Cute.

Here is quick sketch of my solution. Let tangents to $(ABC)$ from $B$ and $C$ intersect at point $Q$ .First show that $BX\cap DE\in \Omega$ and $CX\cap DF\in \Omega$. Then easy angle chase implies that $PE$ and $PF$ are tangents to $(DEF)$. So take homothety with center $G$ and ratio $-\frac{1}{2}$. This homothety sends $DEF$ to $ABC$ so it sends $P$ to $Q$. So $P-Q-G$ are collinear.

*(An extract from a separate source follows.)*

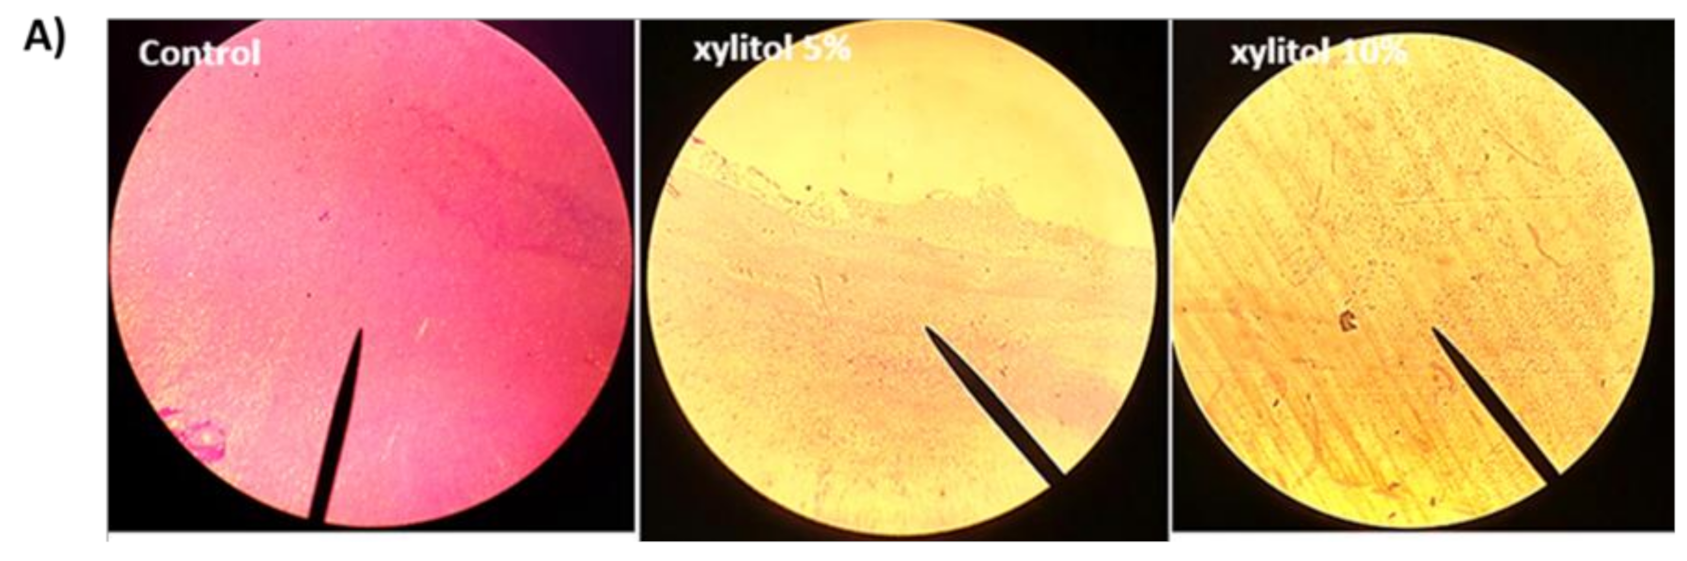 xylitol dysbiosis)
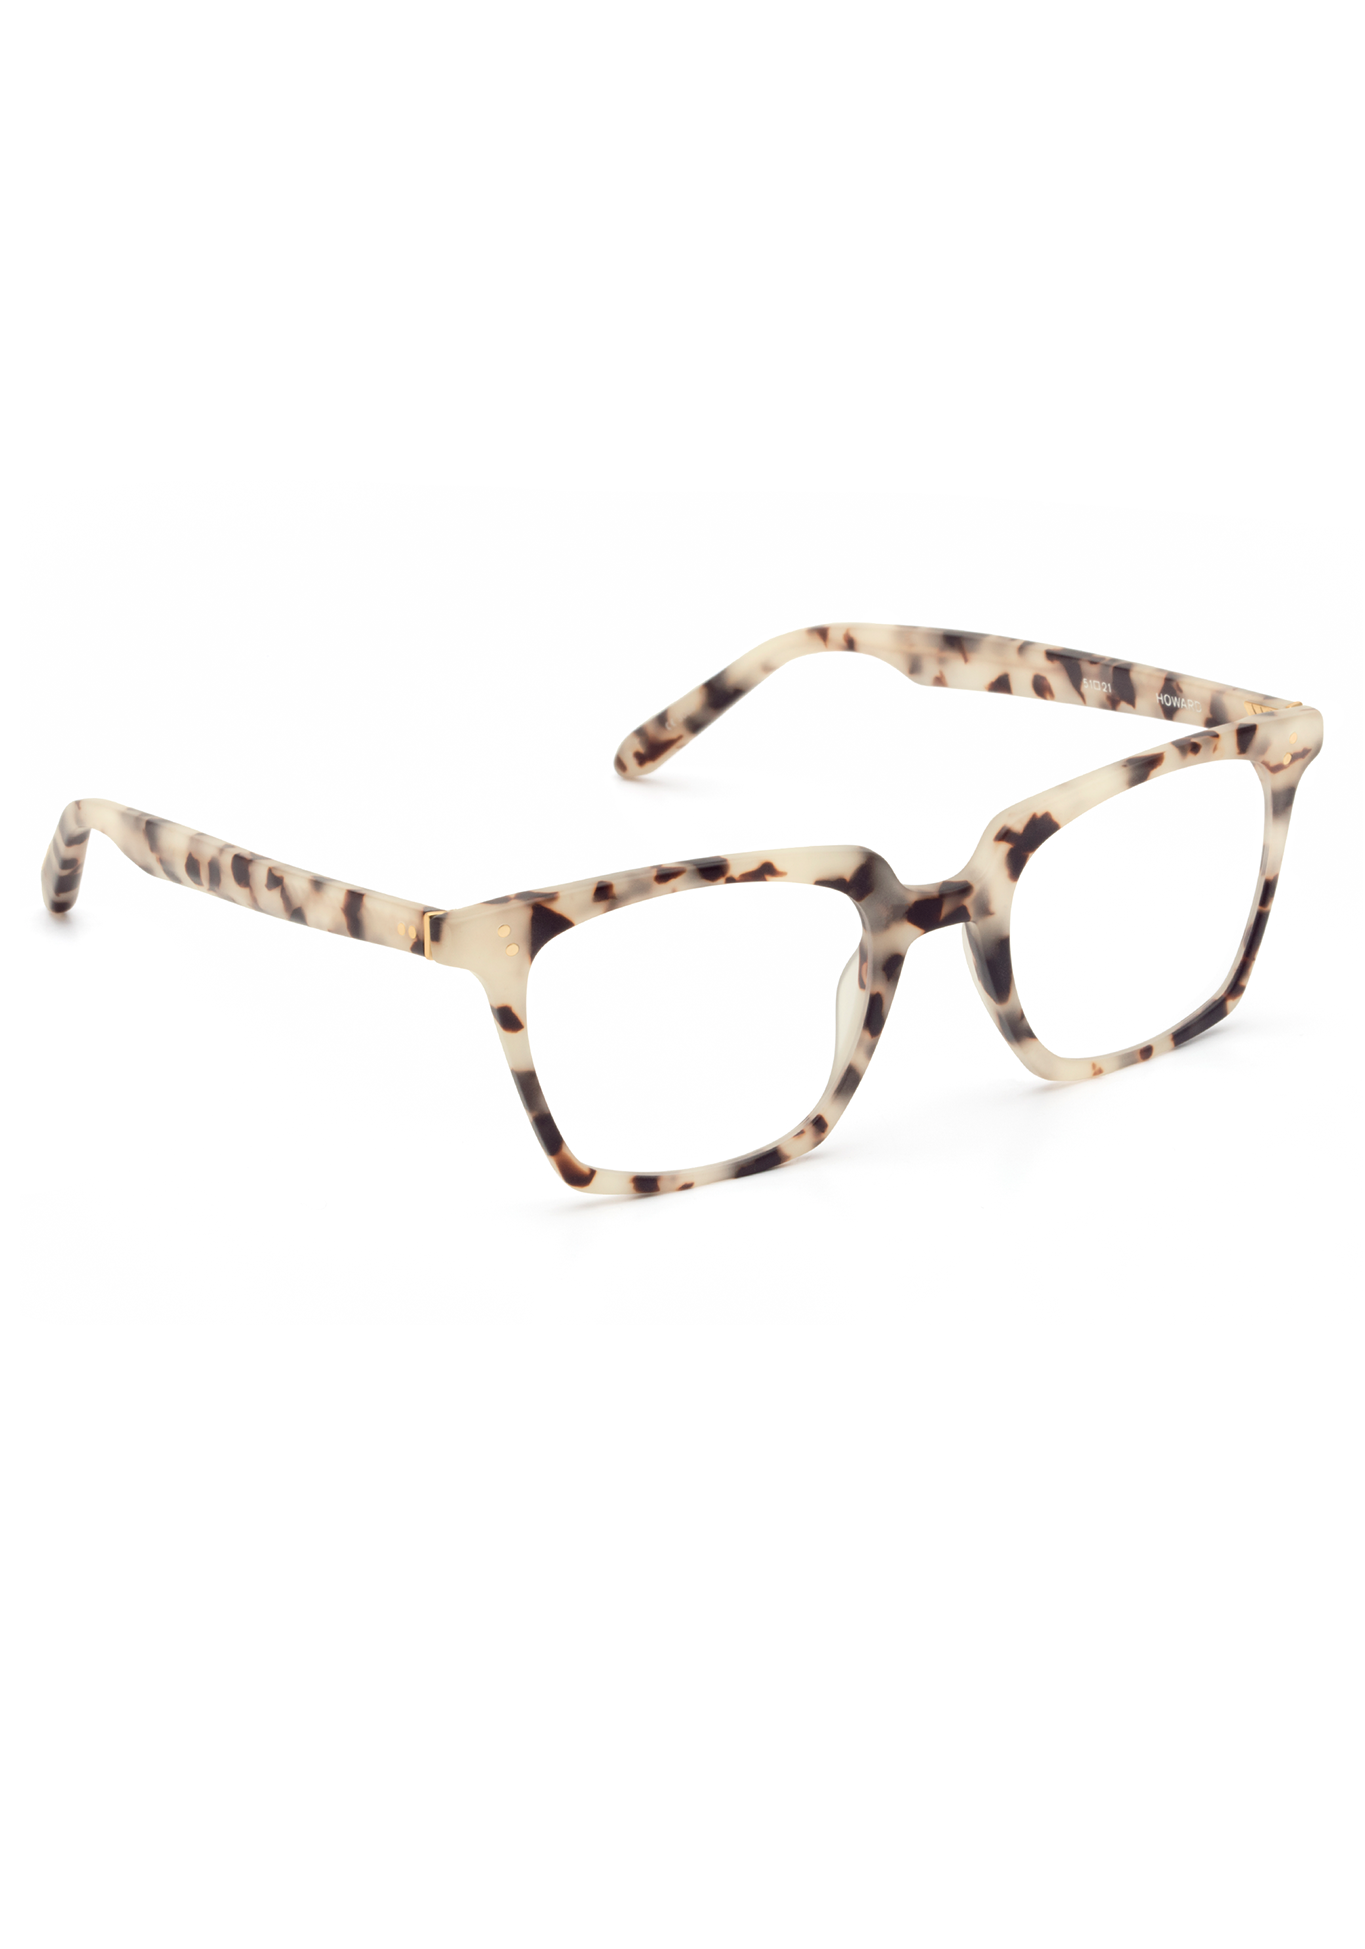 KREWE HOWARD | Matte Oyster, Luxury Tortoise Shell Handcrafted acetate eyeglasses

Let the tangents at $B,C$ to $(ABC)$ meet at $K$. Let $N$ be the nine point center of $ABC$ and let $H$ be the orthocenter and let $A'$ be the $A$ antipode in $(ABC)$. By homothety at $H$, the $D$ tangent to $(DEF)$ is parallel to the tangent to $(ABC)$ at $A'$, which is parallel to the $A$-tangent, which is parallel to the $D$ tangent to $(DX)$ by homothety, so $(DEF)$ and $(DX)$ are tangent. Since $YE = YD$ and $ZE = ZD$, we have that the nine point circle of $\triangle ABC$ is in fact the incircle of $\triangle PYZ$. Therefore, we have the angles of this triangle and so by angle chase, $PN \perp BC \perp OK$ so $PN $ is parallel to $OK$, also $N,G,O$ are collinear with $OG = 2NG$, so if we show that $OK = 2PN$, then $\triangle GNP \sim \triangle GKO$ so $P,K,G$ will be collinear. But to do this see that in $\triangle NEP$, $\angle PNE = A, \angle PEN = 90^\circ$ and $NE = \frac{R}{2}$, so $\cos{A} = \frac{R}{2PN}$, so it suffices to show that $OK = \frac{R}{\cos{A}}$, but this is true since $OK(R \cos{A}) = OK.OD = OB^2 = R^2$, so we are done. $\blacksquare$

Here is another way to prove that $\Omega$ is tangent to the nine-point circle of $ABC$. Let $\Omega$ intersect $BC$ for the second time at $K$ and let $XK$ intersect $(ABC)$ for the second time at $L$. Let $T$ be a point on the common tangent of $(ABC)$ and $\Omega$ (such that $T$ and $K$ are on different sides of the line $AX$). $\angle ALX = \angle AXT \equiv \angle DXT = \angle DKX$ $\therefore AL\parallel DK\equiv BC$ $\therefore$ $\overarc{AB}=$ $\overarc{LC}$ $\therefore \angle AXL=\angle AXC-\angle LXC=\angle ABC-\angle LBC=\angle ABC-\angle ACB=\beta-\gamma$ Also, because of the midsegments, we get $\angle EDC=\beta$ and $\angle EFD=\gamma$. Finally, $\angle EDY=\angle EDC-\angle YDK=\angle EDC-\angle DXK\equiv\angle EDC-\angle AXL=\beta - (\beta - \gamma) = \gamma = \angle EFD$, so $DY$ is also tangent to $(DEF)$.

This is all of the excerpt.